American food giant General Mills is seeking a stronger foothold in the Holy Land, similar to that enjoyed by other U.S. multi-national corporations such as Pepsico and Nestle. A delegation from the Fortune 500 company, one of the world's largest food producers, recently paid a visit to Israel's Food Industries Association “looking for possible future cooperation.”
However, an Israel food industry source said that General Mills may be planning to “copy Nestle,” which has for years maintained a strong and diverse presence in the Middle East. At present, General Mills sells its cereals in a joint venture under the Nestle brand, which has regional corporate headquarters based in the United Arab Emirates but which also markets products in Israel.
General Mills, with some $25 billion in sales, owns many cereal brands – such as Cheerios and Fiber One -- as well as Yoplait yogurts, Pillsbury, Nature Valley granola bars and Haagen Dazs ice cream. The company maintains an Israeli corporate office in Holon.

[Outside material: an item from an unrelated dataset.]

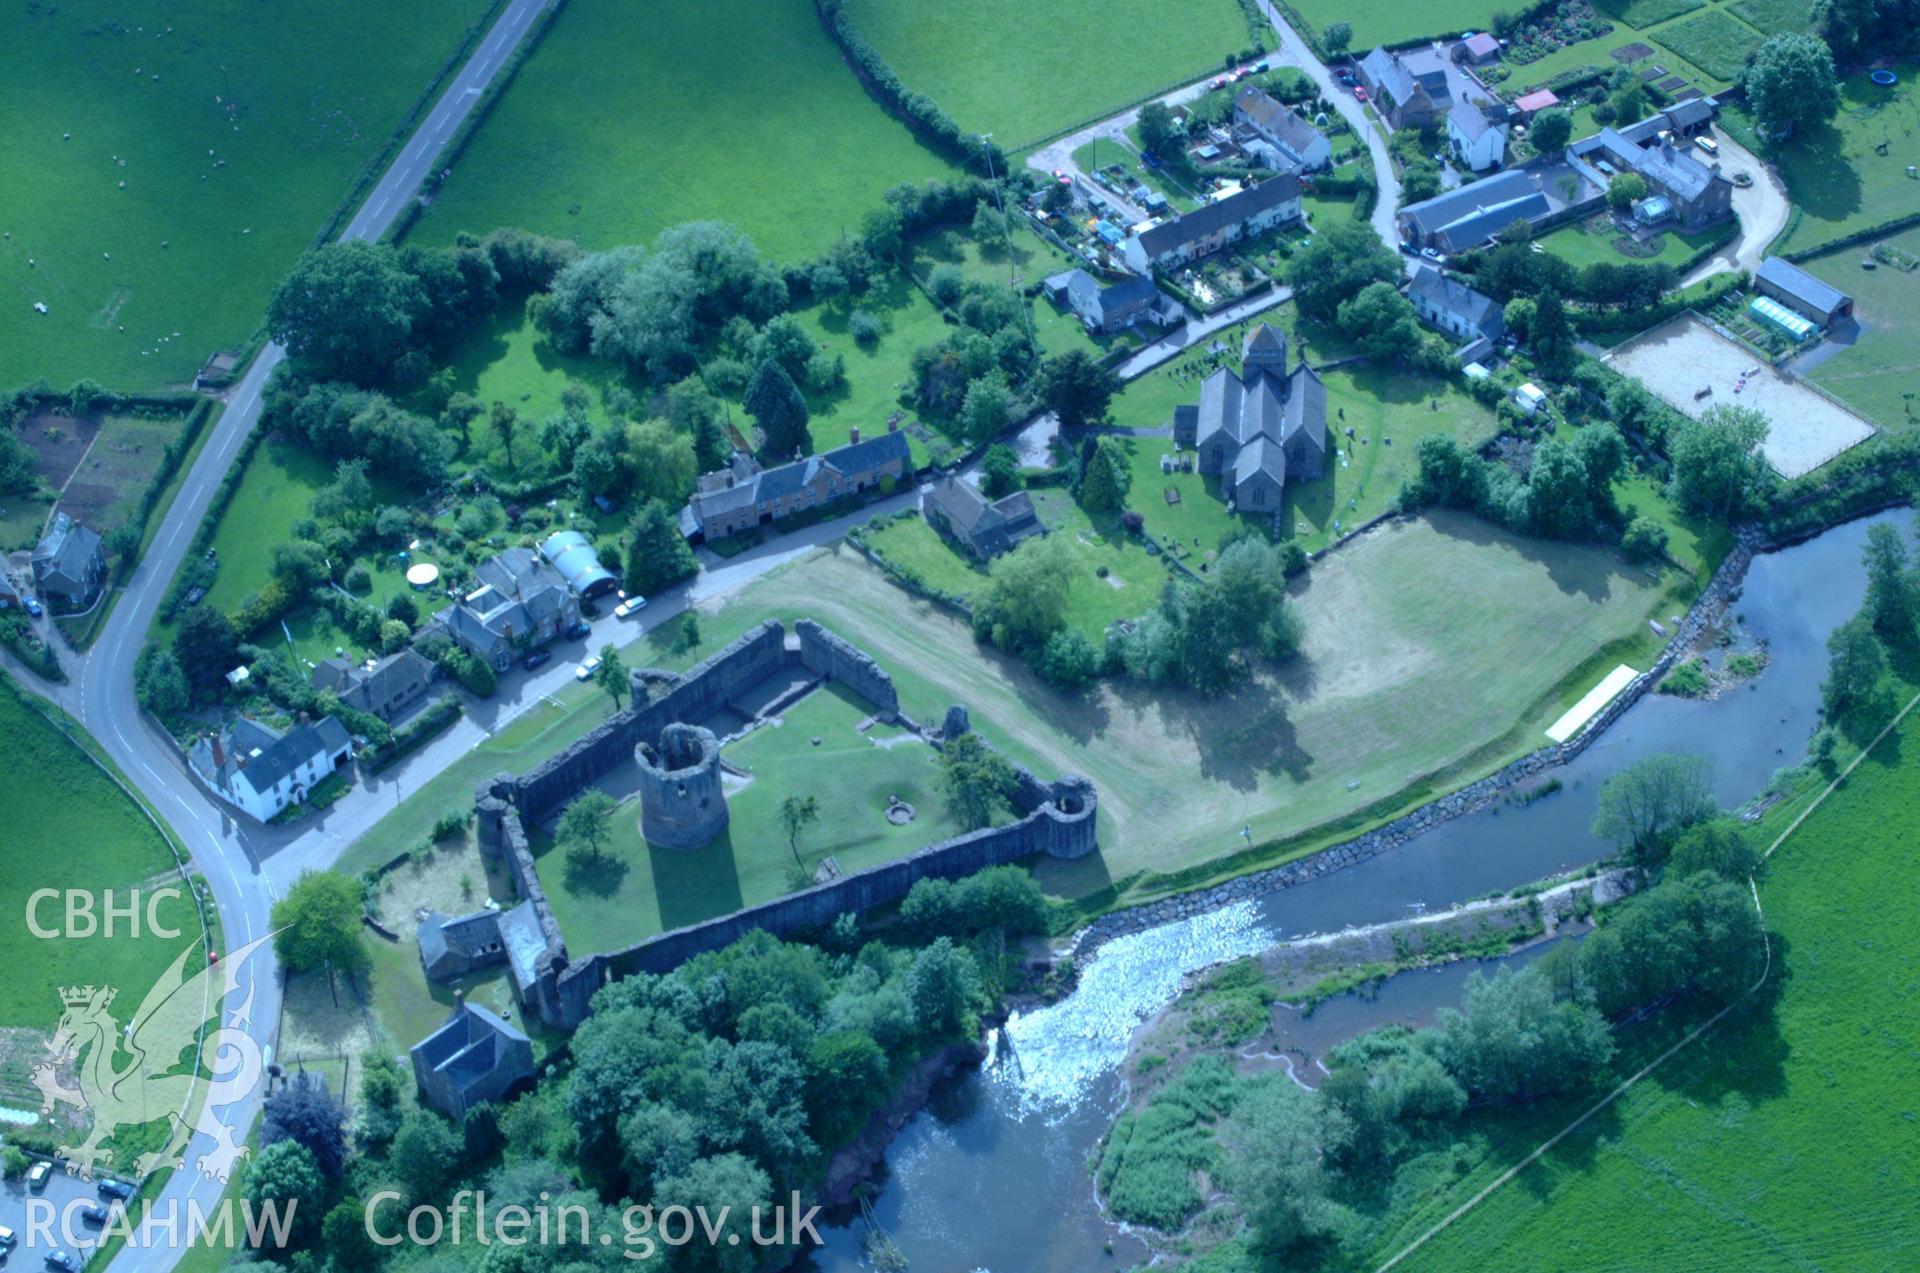 RCAHMW colour oblique aerial photograph of Skenfrith medieval and later settlement taken on 02/06/2004 by Toby Driver

Kosher food in general is zooming ahead in the marketplace, with some 300 new products taking their places among the thousands of others on U.S. distributors' lists in the last six months alone.
Retailers are faced with the increasingly difficult dilemma of trying to decide which product wins the coveted shelf space, pointed out Kosher Today. “The problem is compounded by the fact that most existing products have a stable customer base,” noted the publication late last week.